Затем шла Десси, такая хохотушка, что любому было жаль расстаться с ней хоть на минуту, потому что ни с кем не было так весело, как с Десси.

Следующую сестру звали Оливия — это моя мать. И, наконец, была Молли, маленькая красавица, светлокудрая прелесть с глазами цвета фиалок.

Вот такие были эти молодые Гамильтоны, и прямо чудо, как Лиза, крохотная сухощавая малограмотная ирландка, умудрялась рожать их одного за другим и выкармливать, печь хлеб, обшивать всю семью и при этом еще прививать детям хорошие манеры и вколачивать в них железные нравственные принципы.

Просто поразительно, как Лиза умела командовать детьми. Что творится в мире, она не ведала, ничего не читала и за исключением долгого переезда из Ирландии никогда не путешествовала. Она не была близка ни с одним мужчиной, кроме собственного мужа, да и с ним это занятие представлялось ей лишь утомительной, а подчас и мучительной обязанностью. Большая часть ее жизни была отдана вынашиванию и воспитанию детей. Пищу для ума она черпала только из Библии да еще, может быть, из бесед с Сэмюэлом и детьми, впрочем, что говорили дети, она не слушала. Библия была для Лизы ее единственным источником знаний, вмещавшим в себя все: историю и поэзию, сведения о природе людей и вещей, законы нравственности, путь к спасению души. Эту книгу Лиза не анализировала и не штудировала, она ее просто читала. Встречающиеся там многочисленные противоречия не смущали Лизу ни в коей мере. И в конце концов она выучила Библию назубок, так что могла читать ее, даже не вдумываясь.
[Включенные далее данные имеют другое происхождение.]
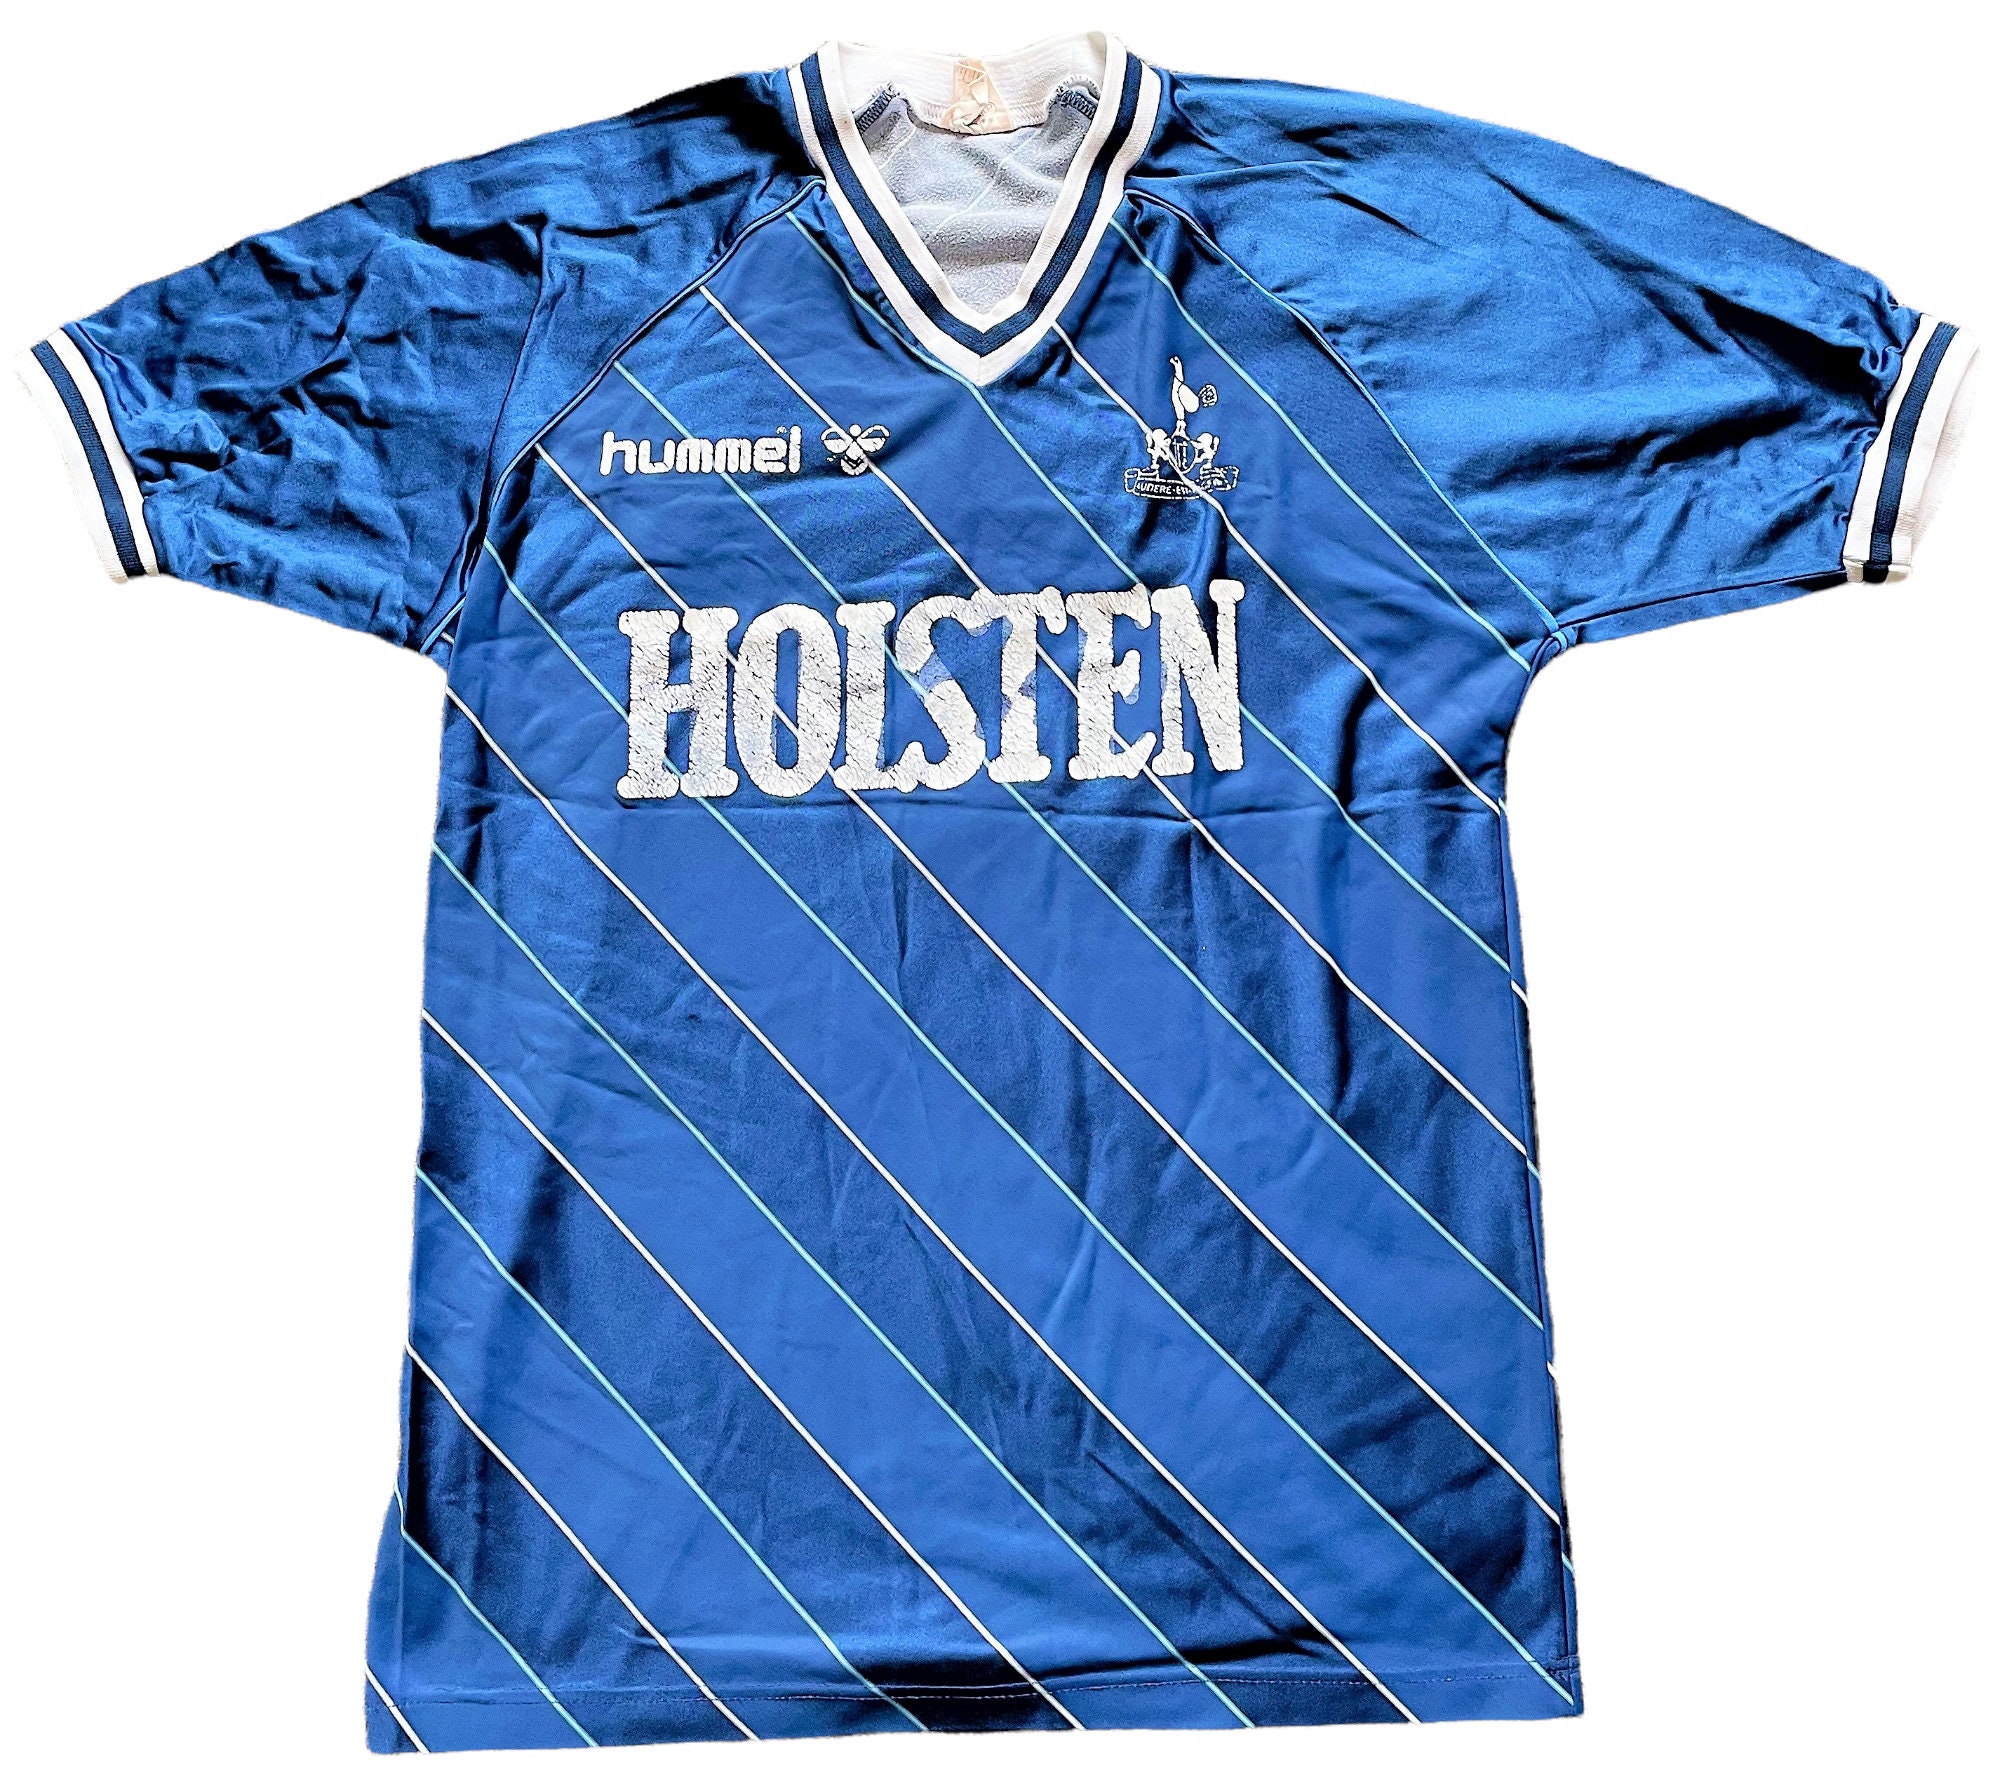 Spurs Retro 1986 Hummel Home Shirt, Size S

Лиза пользовалась всеобщим уважением, потому что она была женщина достойная и вырастила достойных детей. Ей не за что было краснеть перед людьми. Муж, дети и внуки уважали ее. Лиза обладала твердокаменной волей, не шла ни на какие сделки с совестью и своей правотой сокрушала любую неправоту, чем вызывала к себе почтение, но отнюдь не любовь.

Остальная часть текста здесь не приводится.